Coronavirus has a particular effect, rarely seen on the economy. It can affect both demand and supply at the same time and, as far as we know, it can cause a rapid and mild economic downturn, as well as a tougher crisis. Furthermore, depending on the strongest effects, it requires completely different economic policy actions.
DROP IN SUPPLY
The economic effects of coronavirus are not primarily due to the direct health consequences of the disease, but to the measures taken to prevent its spread. In order to avoid dissemination, provisions have been made to limit the movement and contact of people. Travel bans, quarantines led to factory closings, service outages, supply difficulties, and disruption of the global value chain. This is called supply shock. The performance of the economy (Y) decreases because the production process is hindered. These types of shocks can in themselves lead to higher prices (P), as unchanged demand will come with lower and / or higher cost levels.
In the event of a supply shock, economic policy does not have simple tools. It can withdraw the measures that limit production, but the cost would be much more sick and deadly. It is possible to increase the effort to cure the disease, find a cure as soon as possible, or search for more effective and less restrictive production methods.
However, there is important positive news about the primary supply shock: after the epidemic has subsided, the effect quickly disappears and production returns. In addition, if the demand is not damaged, part of the lost production will be replaced. Especially in industrial sectors, this supply adjustment can be typical.
DROP IN DEMAND
The coronavirus epidemic not only erodes production conditions, but also reduces demand. Interest in tourism, hospitality, event organization or transportation services is decreasing due to people’s caution. This results in a decline in economic activity (Y) and a drop in prices (P).

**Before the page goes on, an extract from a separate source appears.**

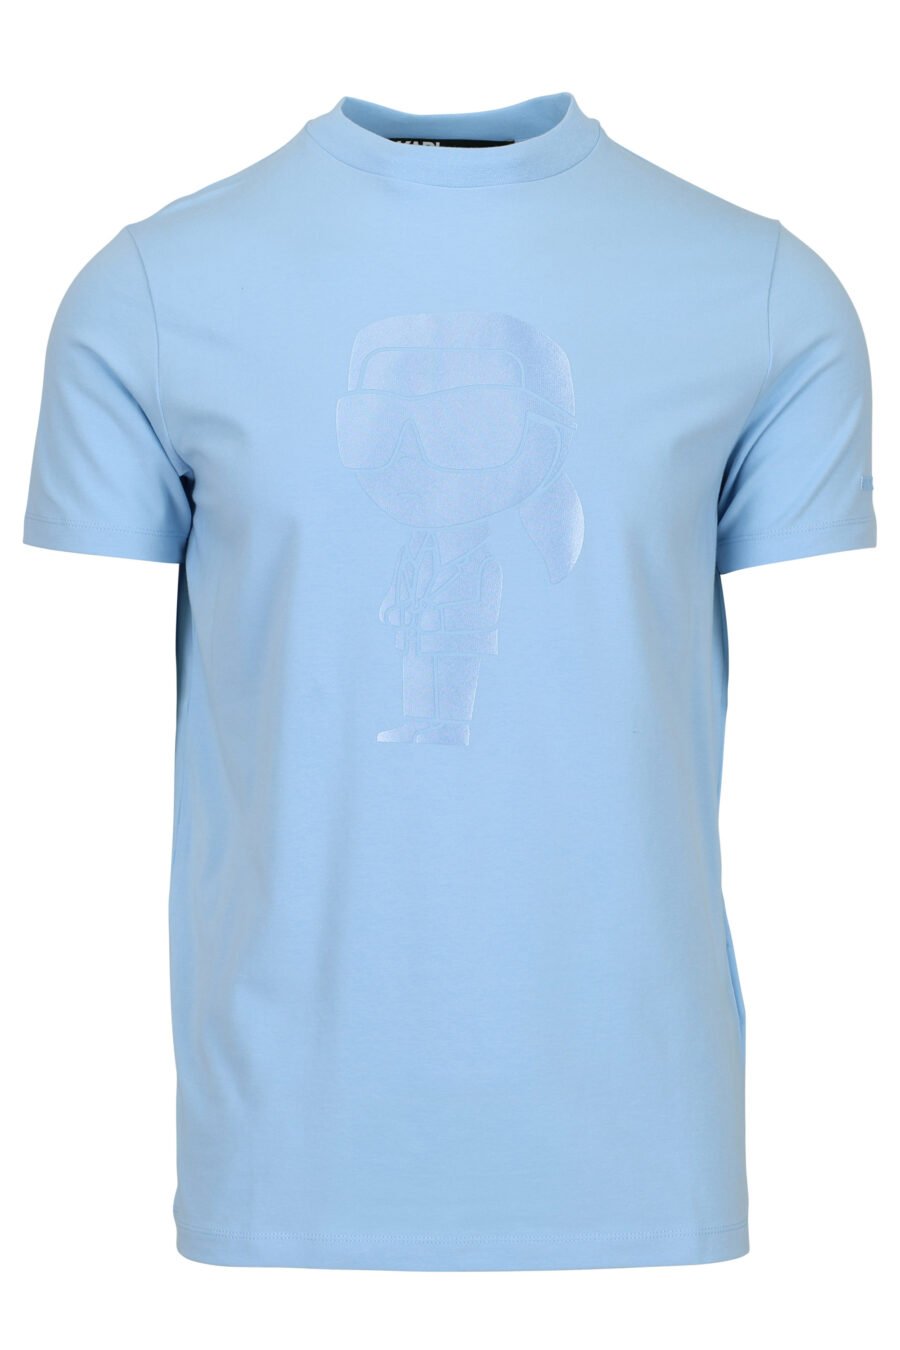 Camiseta azul claro con maxilogo "karl" monocromático - 4062226788632

A slightly more indirect effect, but for reasons of simplicity, we classify the primary demand shock as a drop in demand in the raw materials markets and in the transport sector following the drop in production. The most obvious sign of this is the rapid drop in oil prices. (Note in parentheses that we can see a positive effect of demand over the days, the buzz around the purchase of durable food.)
In this case, economic policy is less instrumental: it can try to replace demand with fiscal and monetary policy instruments. The budget can react with additional spending and tax cuts and monetary policy can lower interest rates. In the event of a demand shock, central banks need to fear less that their loose policies will lead to inflation. This is an important difference from the supply shock which leads to higher prices.
The coronavirus epidemic causes shock to supply and demand at the same time. Furthermore, it is not known for sure what caused it. For example, is a flight to Milan impossible because there is not enough demand for it, or would it be there but was canceled due to epidemic control?
The question is also interesting from the point of view of Hungarian monetary policy. Based on the inflation picture, we can say that the MNB has recently pursued an unduly loose monetary policy. However, if the demand shock for the coronavirus epidemic is severe, the central bank may think that monetary policy should not be corrected, as prices have a new cooling effect. However, if you underestimate the importance of falling demand and supply, you can easily measure optimal monetary policy.
Ideally, the world economy is overcoming the epidemic with a slight first impact effect from supply and demand shocks. However, if the outbreak is prolonged, further unfavorable processes may begin. Prolonged uncertainty and deteriorating business confidence can reduce demand for consumption and investment, leading to a further, wider decline in economic performance. Production stoppages, weak economic activity are destroying the stability of corporate finance, productivity growth has stalled and loss of revenue can cause debt-inducing businesses to go bankrupt.
Obviously, economic policy can attempt to address second-level effects with instruments similar to the previous ones: supply-side constraints through political measures and demand shocks through macroeconomic political instruments.
The nature and size of the shocks will be determined by the evolution of the coronavirus epidemic. For the moment, there is the possibility of a lighter exit, a rapid and short-lasting shock.